## Task details:
Repeat the listing word for word. No pictures belong in the copy.

## Recorded data:
——
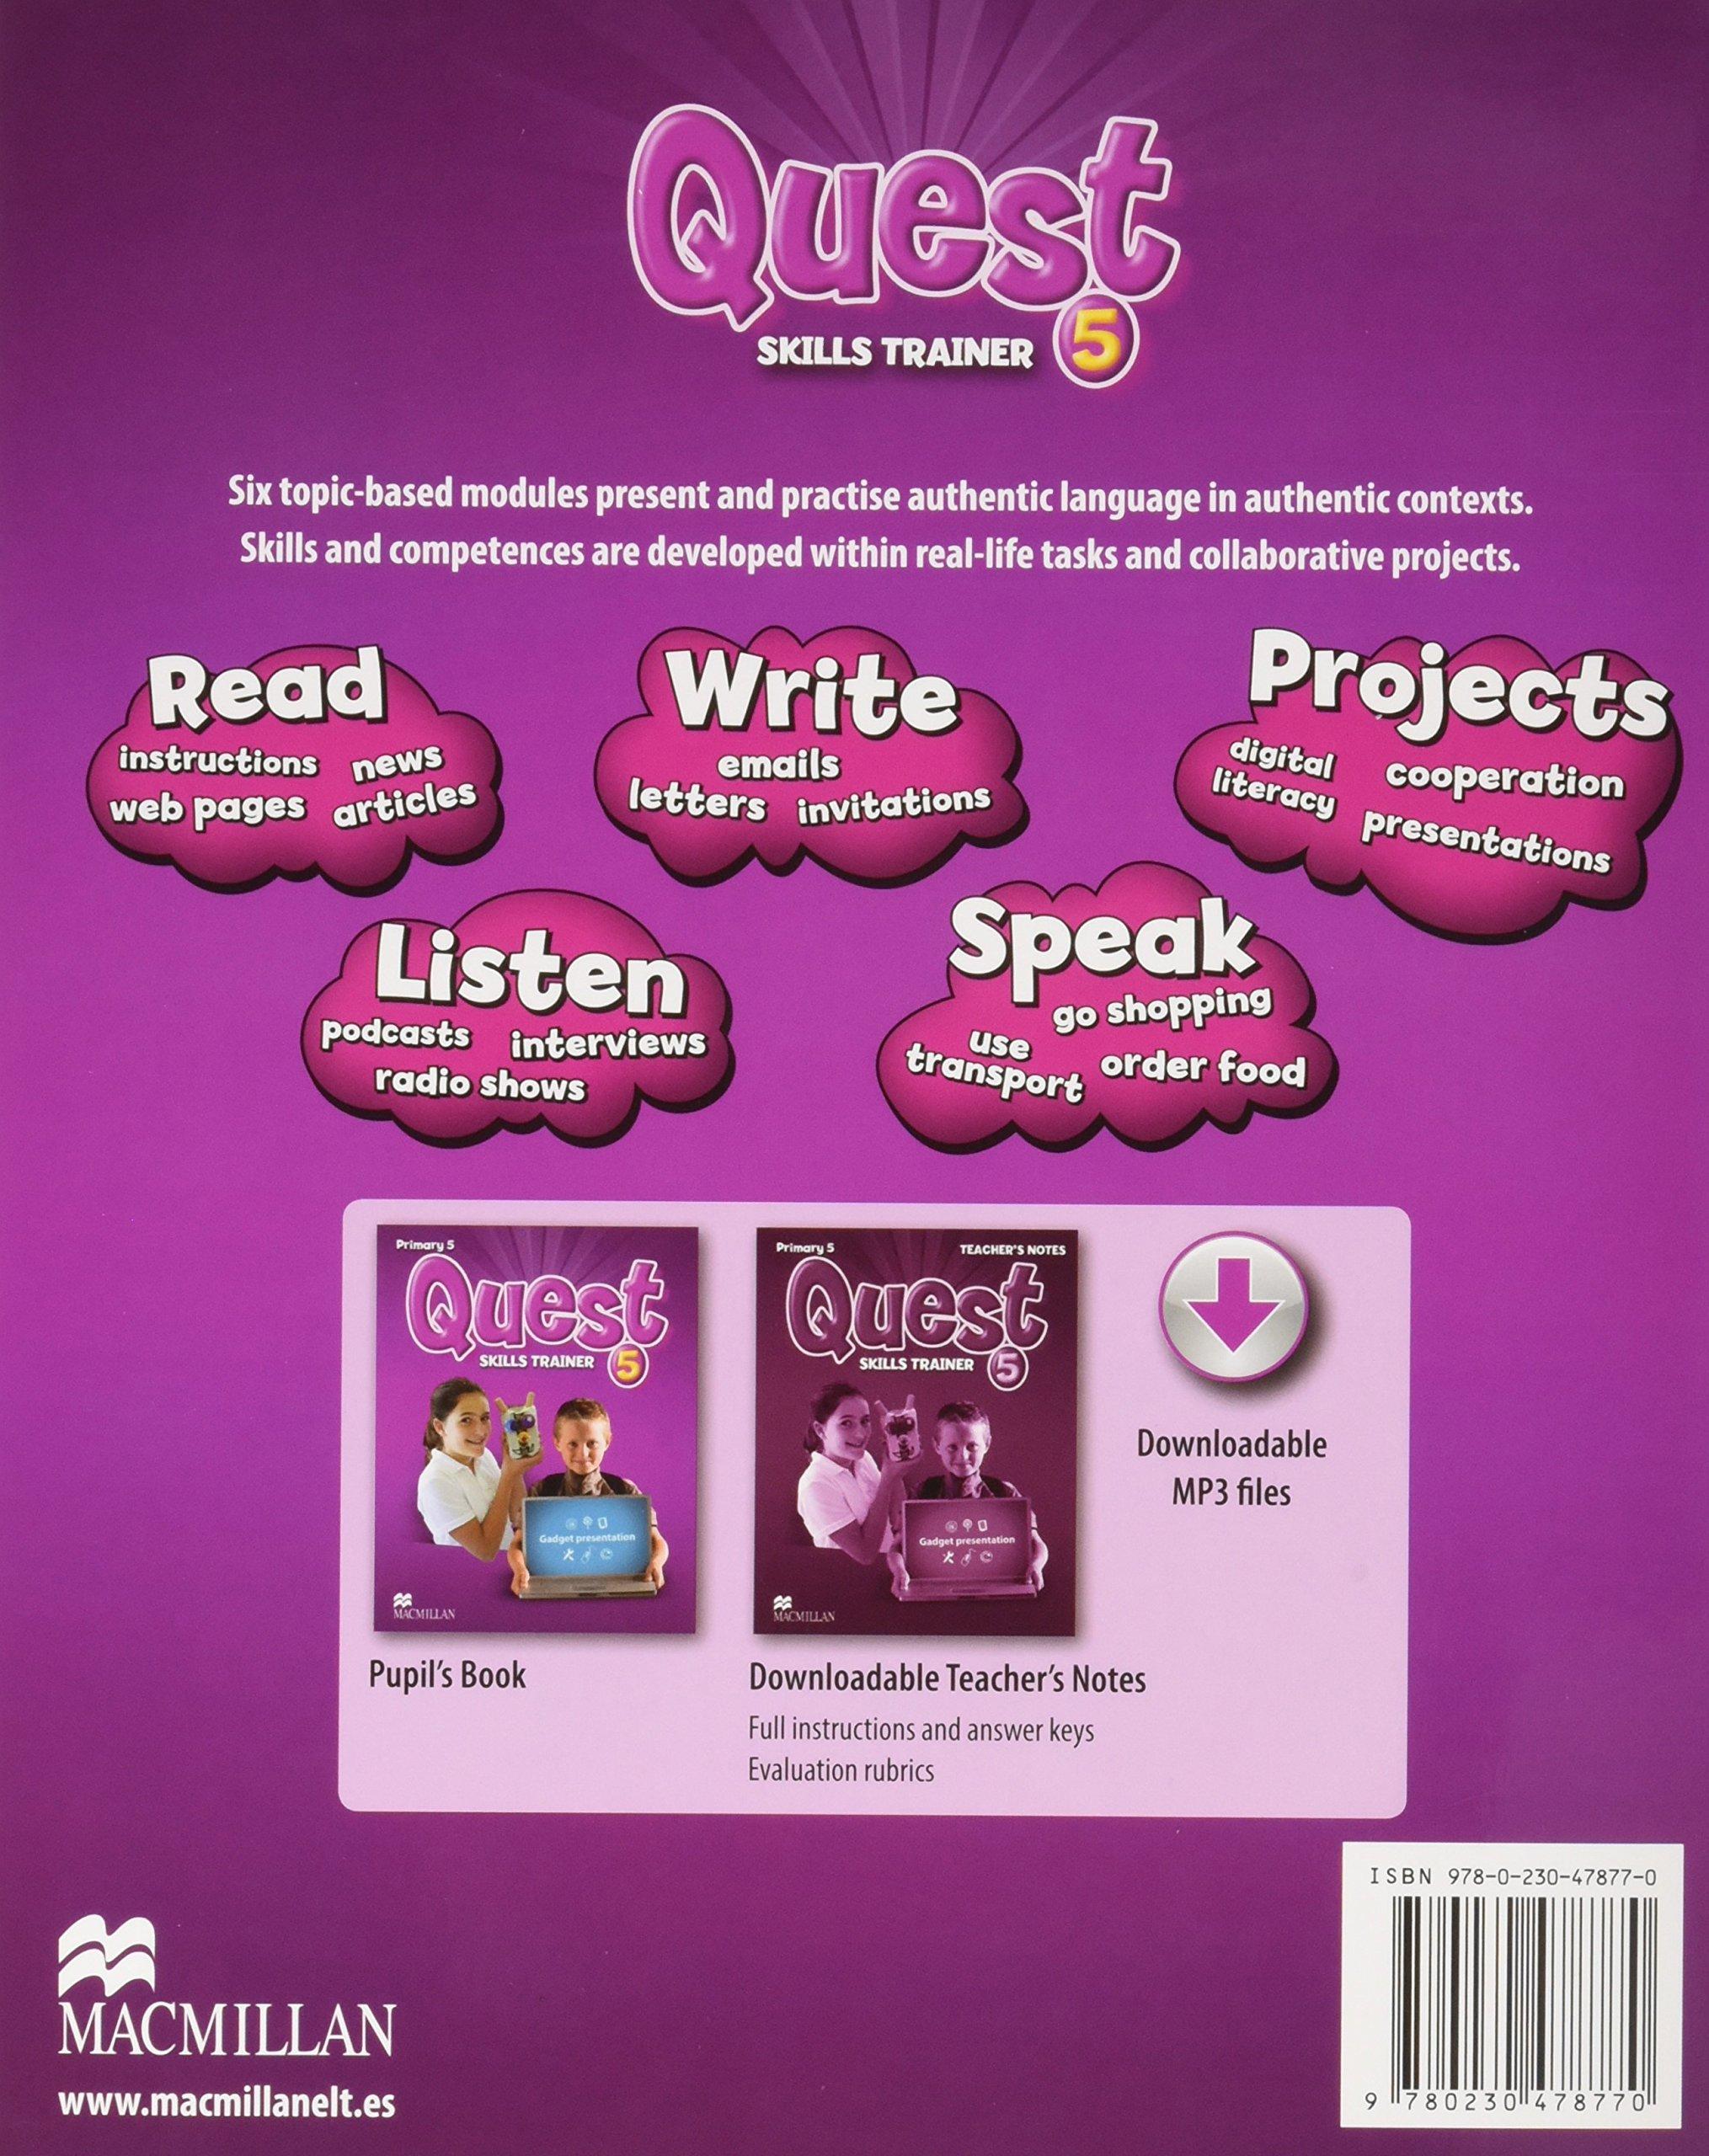 Quest Primary 5 Activity Book, Grammar Builder, CD-ROM - Interactive Activities Tiger - 9780230478718: Amazon.es: Corbett, J., O Farrell, R., Macmillan: Libros en idiomas extranjeros
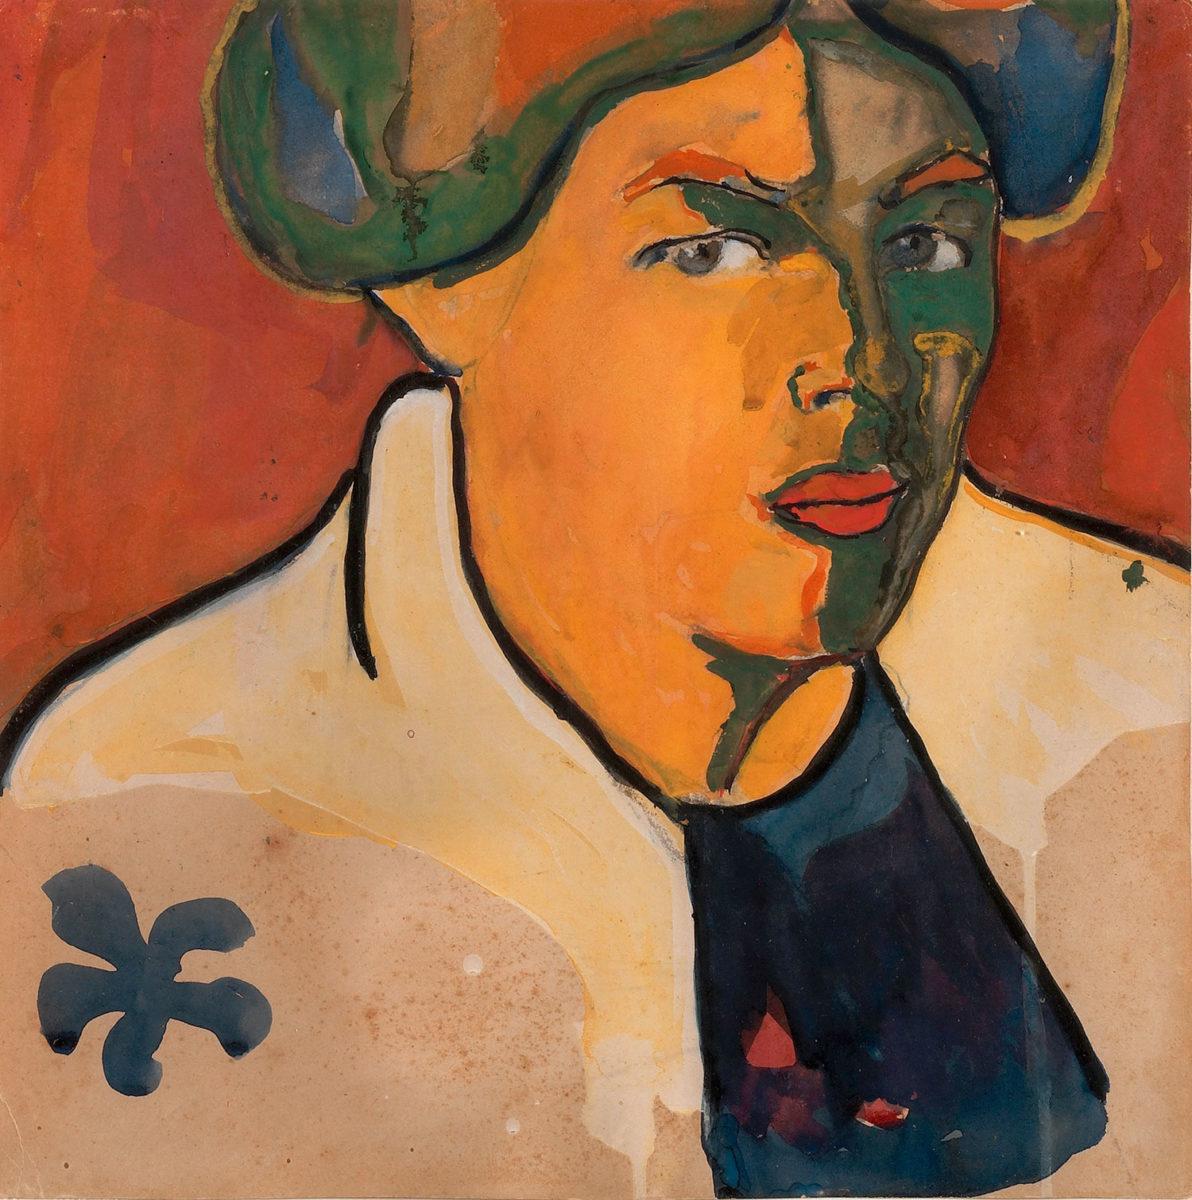 Καζιμίρ Μαλέβιτς, «Γυναικείο πορτρέτο», περ. 1910-1911, γκουάς σε χαρτόνι, 27,7x27,8 εκ. (Πηγή: ΚΜΣΤ-Συλλογή Κωστάκη).
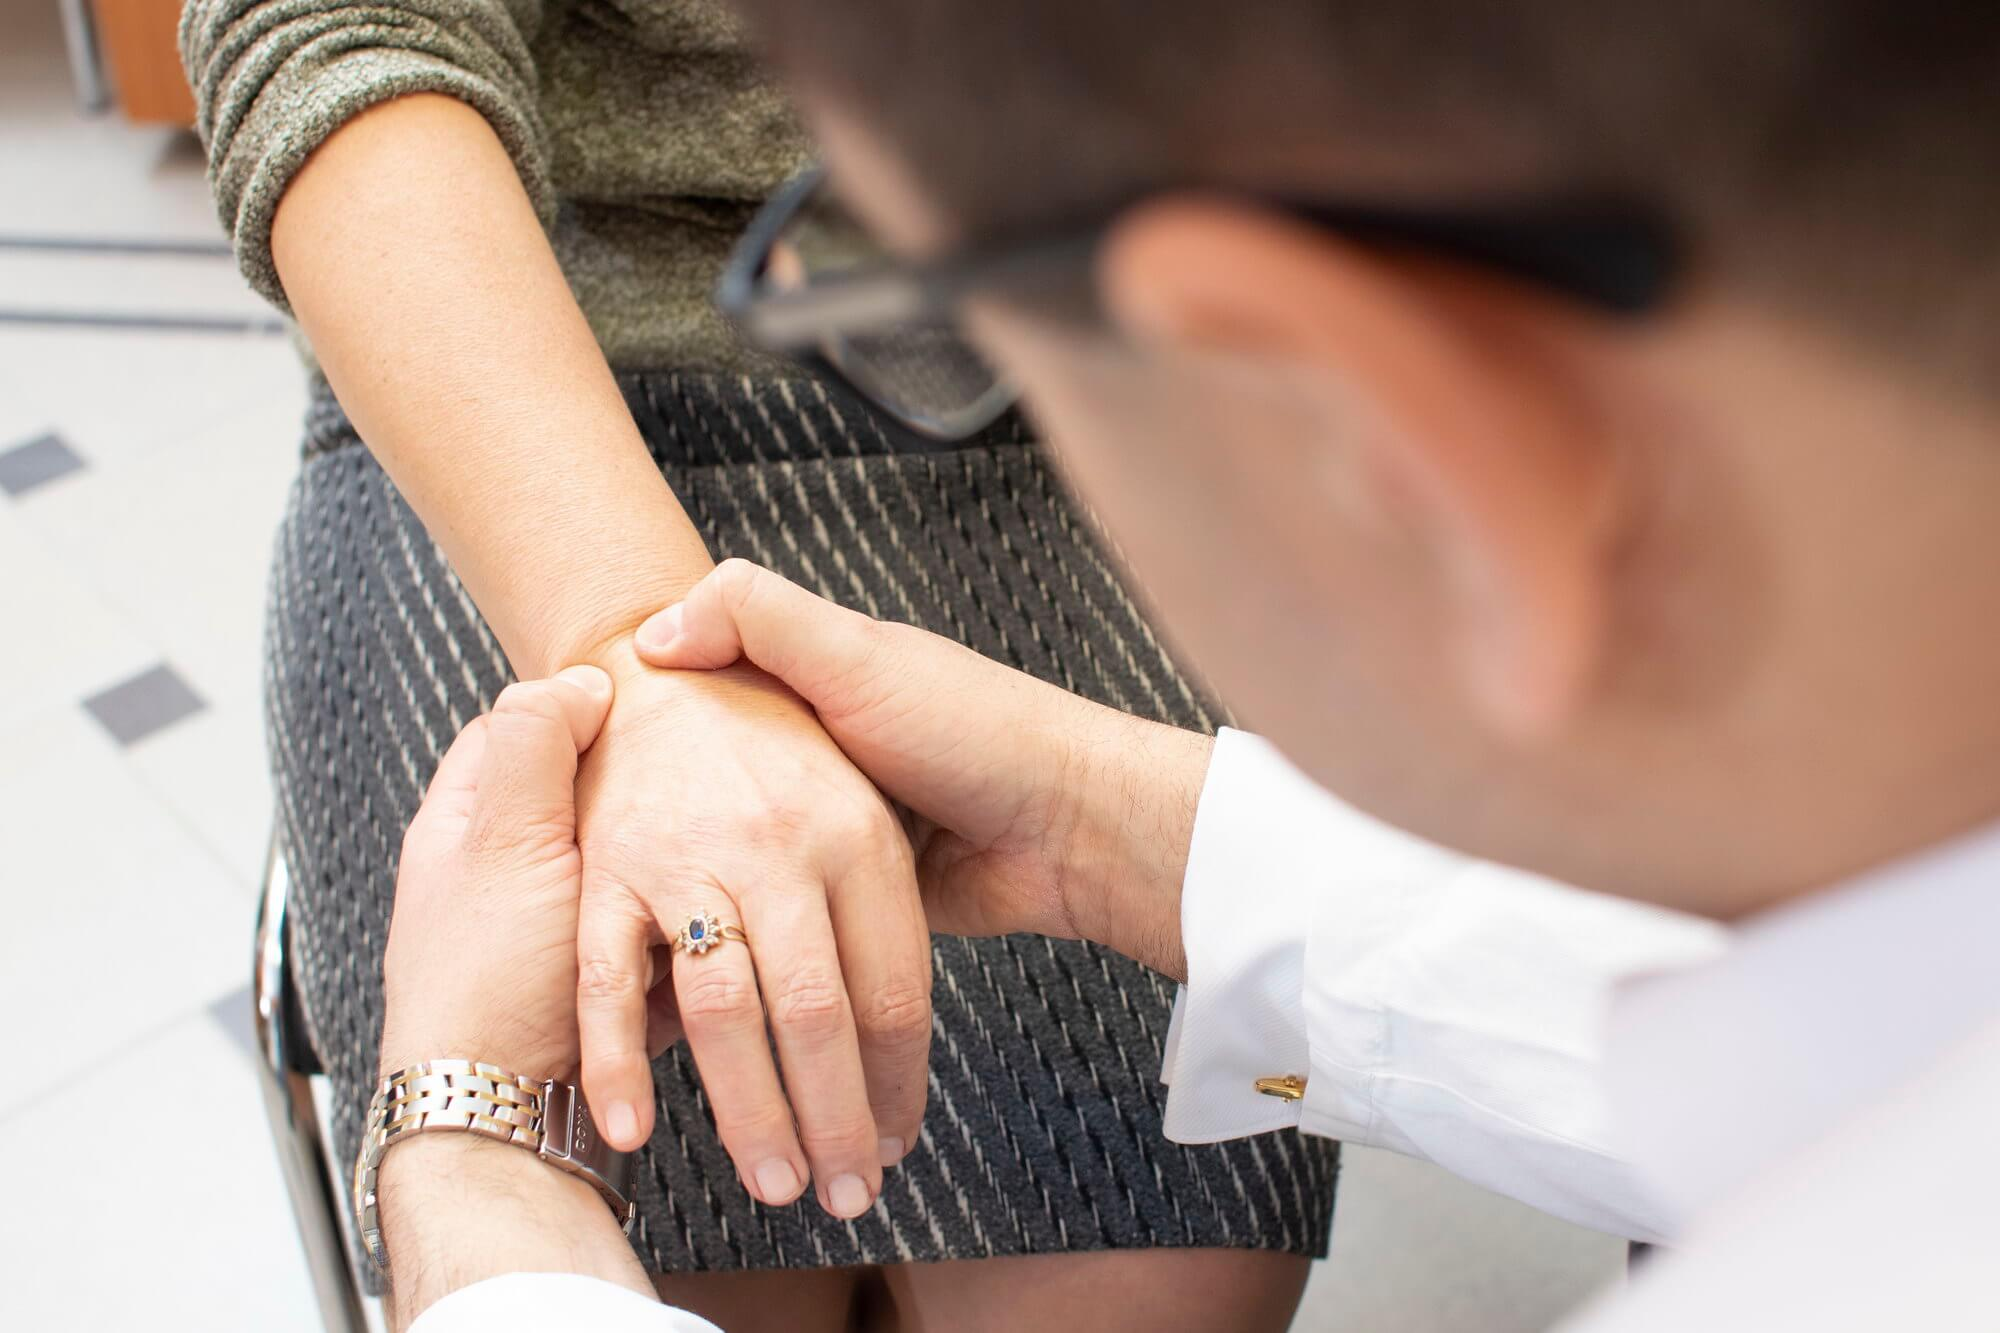 könyökfájdalom a kéz emelésekor
——
## Completed exercise:
 Quest Primary 5 Activity Book, Grammar Builder, CD-ROM - Interactive Activities Tiger - 9780230478718: Amazon.es: Corbett, J., O Farrell, R., Macmillan: Libros en idiomas extranjeros
 Καζιμίρ Μαλέβιτς, «Γυναικείο πορτρέτο», περ. 1910-1911, γκουάς σε χαρτόνι, 27,7x27,8 εκ. (Πηγή: ΚΜΣΤ-Συλλογή Κωστάκη).
 könyökfájdalom a kéz emelésekor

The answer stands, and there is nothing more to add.